Hibernate L2 query cache: do not hit database on cache miss - java

I have a table, Users with primary key id :: int4 and natural key password :: varchar(32). I'd like to check existence of a row by compund id and password in DB as fast as possible using Hibernate.
So I load all users to L2 cache and do
User u = (User)session.get(User.class, uId);
if (!u.getPassword().equals(pass)) {
// fail when passwords are not equal
}
This is good when cache was hit, but on cache miss (which means false input data) this will trigger select queries. How can I point hibernate not to hit database, if value not found in cache?
I see an option to load User directly from cache and then use something like session.merge() it. But maybe there is a better way?
PS. I have one more complaint. If passwords are not equal, I have small performance degradation on dehydration of my User object (haven't profiled yet). Can this also be eliminated?

You are using the L2 cache against its intentions: it is always legal for a cache to experience a miss.
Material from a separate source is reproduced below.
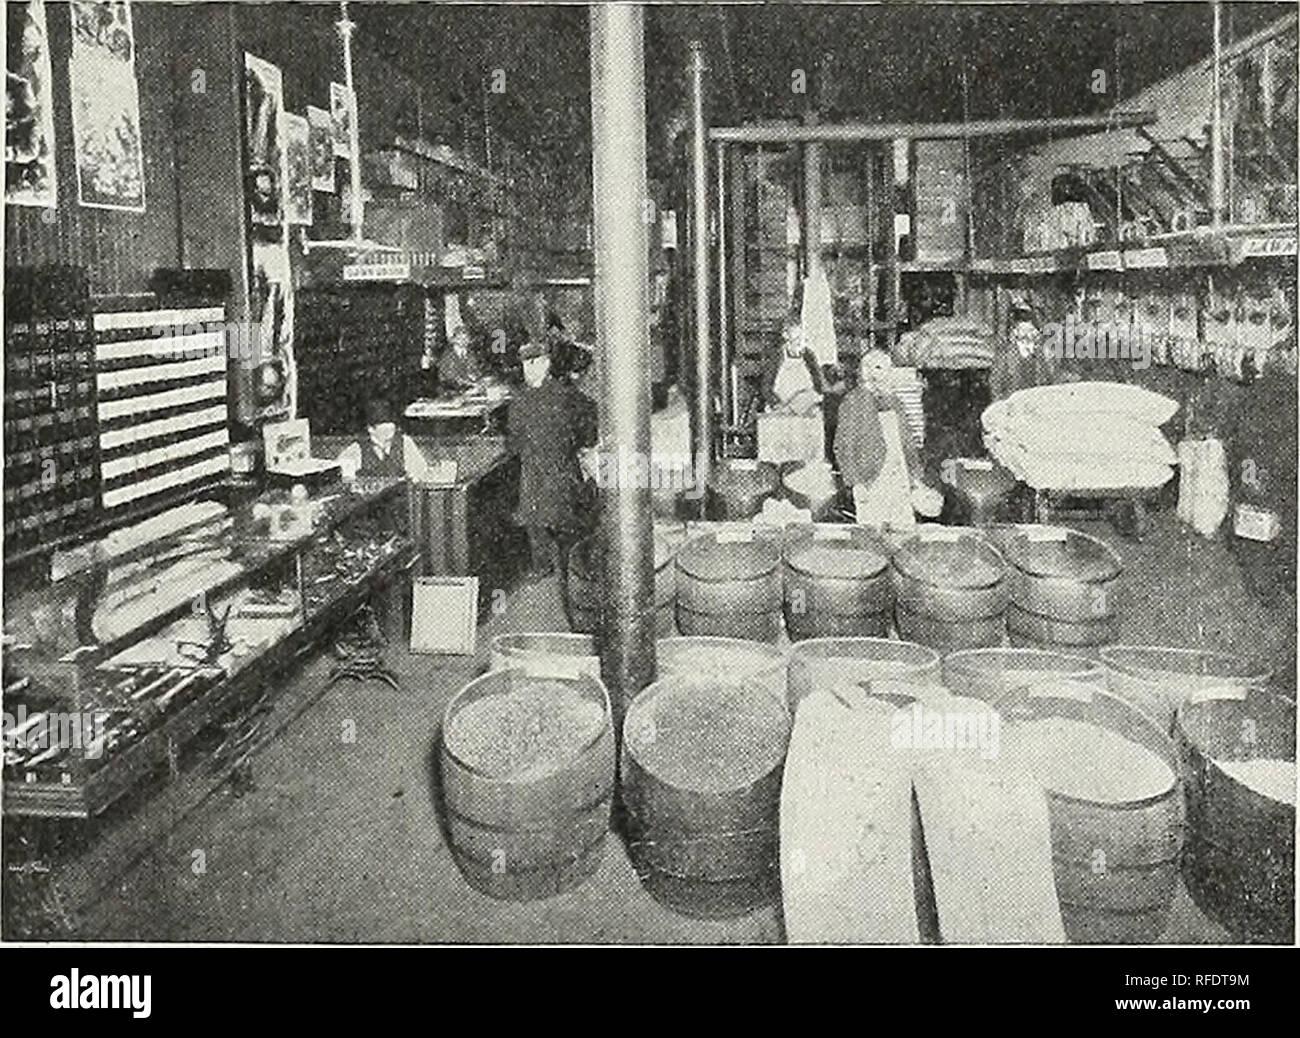 """. Alfred J. Brown Seed Co.: producteurs, négociants et importateurs. Grand Rapids Michigan pépinière; catalogues de semences de légumes, graines de fleurs Catalogues Catalogues. Il y a par- pad un peu de gens dans le commerce des semences qui continuent de ternir les semenciers qui s'efforcent de faire une entreprise légitime. Le plus souvent, vous trouverez de telles personnes sont comme """"bon marché"""" que les graines qu'ils vendent. L'homme sage qui a la récolte en vue sait très bien ce que c'est de planter des graines de caractère douteux. Plusieurs fois, un ensemble de la saison est perdue, l'argent et de temps perdu, par la plantation de graines qui vous ont peut-être raison Photo Stock"""

By its nature the cache does not guarantee to be a 100% replica of an entire table.
If you want a reliable replica of the complete User table, then construct your own HashMap<String,String>.

Related

How to keep a java list in memory synced with a table in database?

I want to perform a search of a inputs in a list. That list resides in a database. I see two options for doing that-
Hit the db for each search and return the result.
keep a copy in memory synced with table and search in memory and return the result.
I like the second option as it will be faster. However I am confused on how to keep the list in sync with table.
example : I have a list L = [12,11,14,42,56]
and I receive an input : 14
I need to return the result if the input does exists in the list or not. The list can be updated by other applications. I need to keep the list in sync with table.
What would be the most optimized approach here and how to keep the list in sync with database?
Is there any way my application can be informed of the changes in the table so that I can reload the list on demand.
Instead of recreating your own implementation of something that already exists, I would leverage Hibernate's Second Level Cache (2LC) with an implementation such as EhCache.
By using a 2LC, you can specify the time-to-live expiration time for your entities and once they expire, any query would reload them from the database. If the entity cache has not yet expired, Hibernate will hydrate them from the 2LC application cache rather than the database.
If you are using Spring, you might also want to take a look at #Cachable. This operates at the component / bean tier allowing Spring to cache a result-set into a named region. See their documentation for more details.
To satisfied your requirement, you should control the read and write in one place, otherwise, there will always be some unsync case for the data.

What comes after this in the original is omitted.